The Fed found that DLT is still in its very early technology infancy stages, and many companies are still in the prototype phase.  According to the Fed, DLT has the potential to “reduce or even eliminate operational and financial inefficiencies, or other frictions, that exist for current methods of storing, recording, and transferring digital assets throughout the financial markets.”  However, the financial markets, the DLT technology, and the regulatory framework are not currently ready for full scale implementation.

The Fed determined that DLT adoption and implementation still faces a multitude of challenges from business implementation to legal ramifications that have yet to even be uncovered.  A few of the challenges that the Fed addressed in its staff research paper include: (1) identifying cases where the potential reduction in operational costs would justify the enormous upfront cost of implementing DLT; (2) creating a network of participants for any application of the technology to be successful; (3) creating enough storage capacity for ledgers that add transactional history on top of one another, such as blockchains; (4) molding the current legal environment created for the financial market architecture already in place to a completely different complex network of technology firms that perform a wide variety of functions; and (5) adjusting the current licensing scheme to include DLT.

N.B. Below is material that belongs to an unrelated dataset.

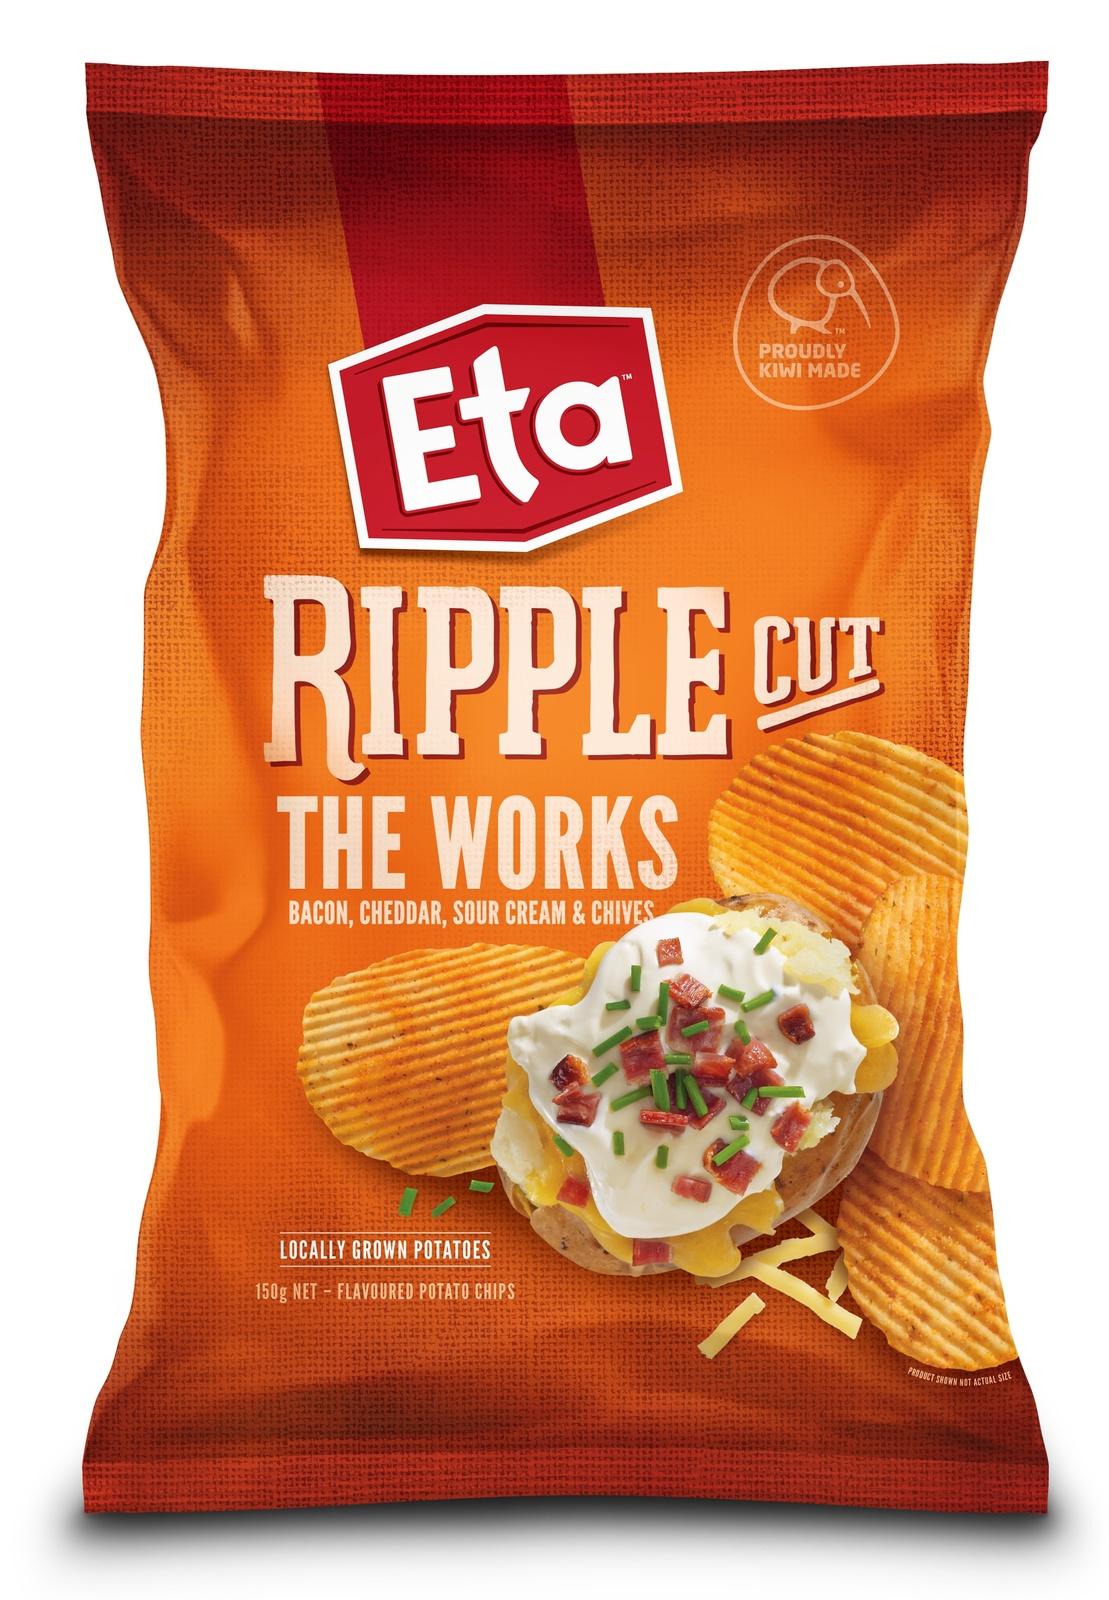 Eta Ripple Cut The Works (150g) image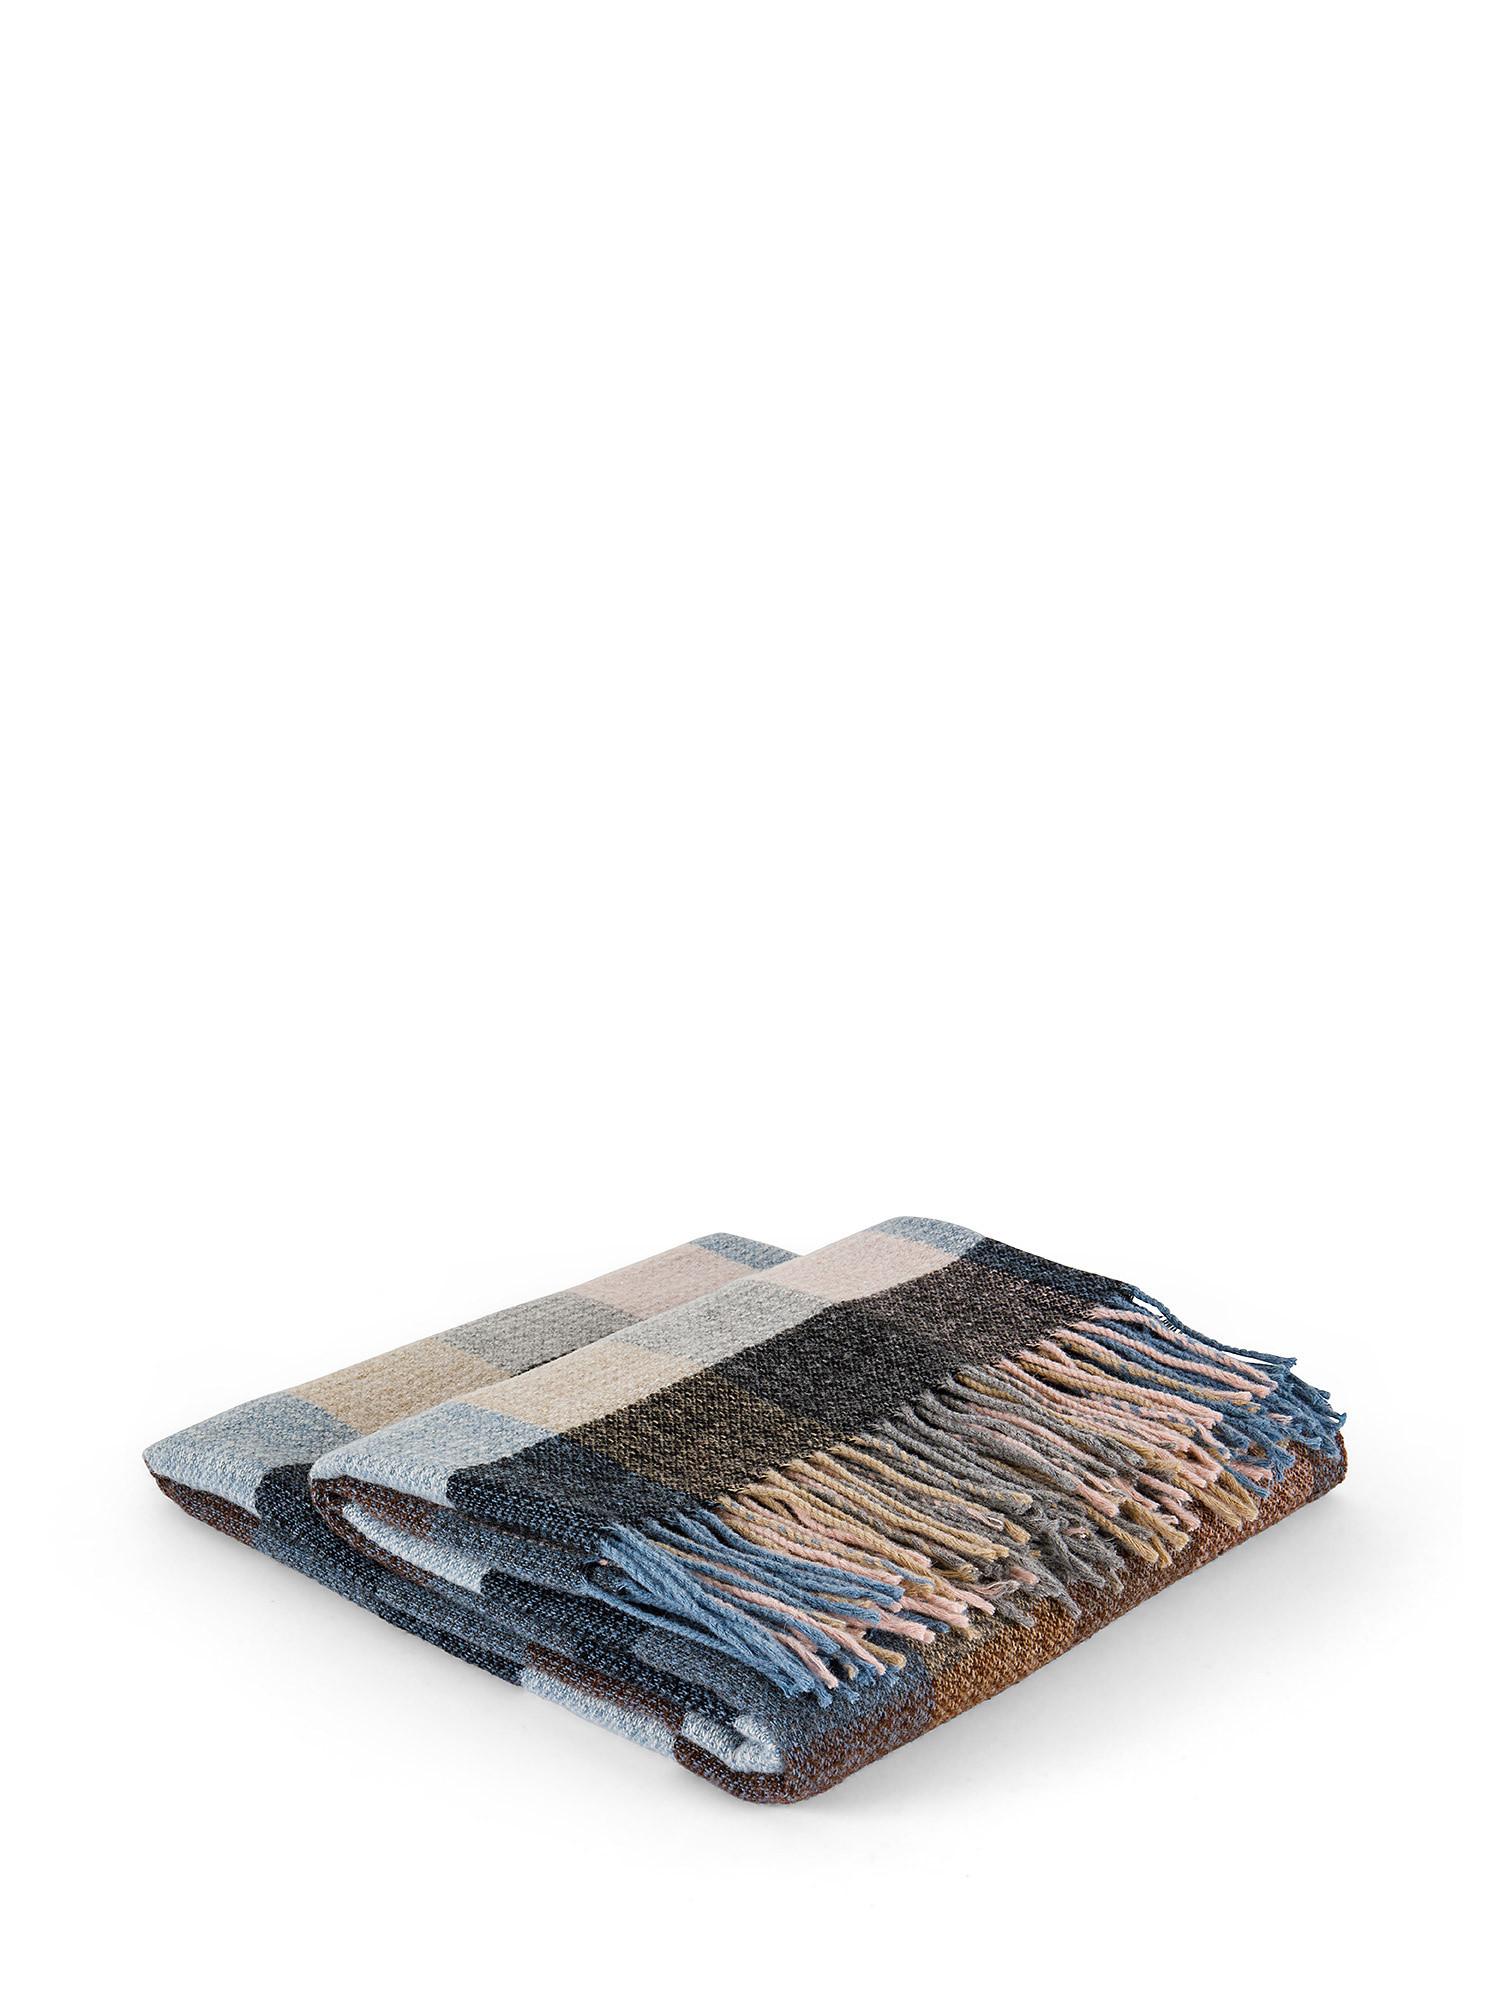 Plaid cotone ecologico a quadri, Multicolor, large image number 0

This issue is important to the mortgage industry because of the possible implementation of “smart contracts.” Smart contracts are coded programs that are used to automate pre-specified transactional events based on agreed upon contractual terms. The smart contracts can be used in conjunction with a distributed ledger to self-execute the contract based on information received on the distributed ledger. This creates an instantaneous contract that has the possibility of being infallible and incorruptible. While the Fed believes the financial market is years away from having sophisticated DLT, the technology developments could be sped up based on the eagerness for DLT in the current market.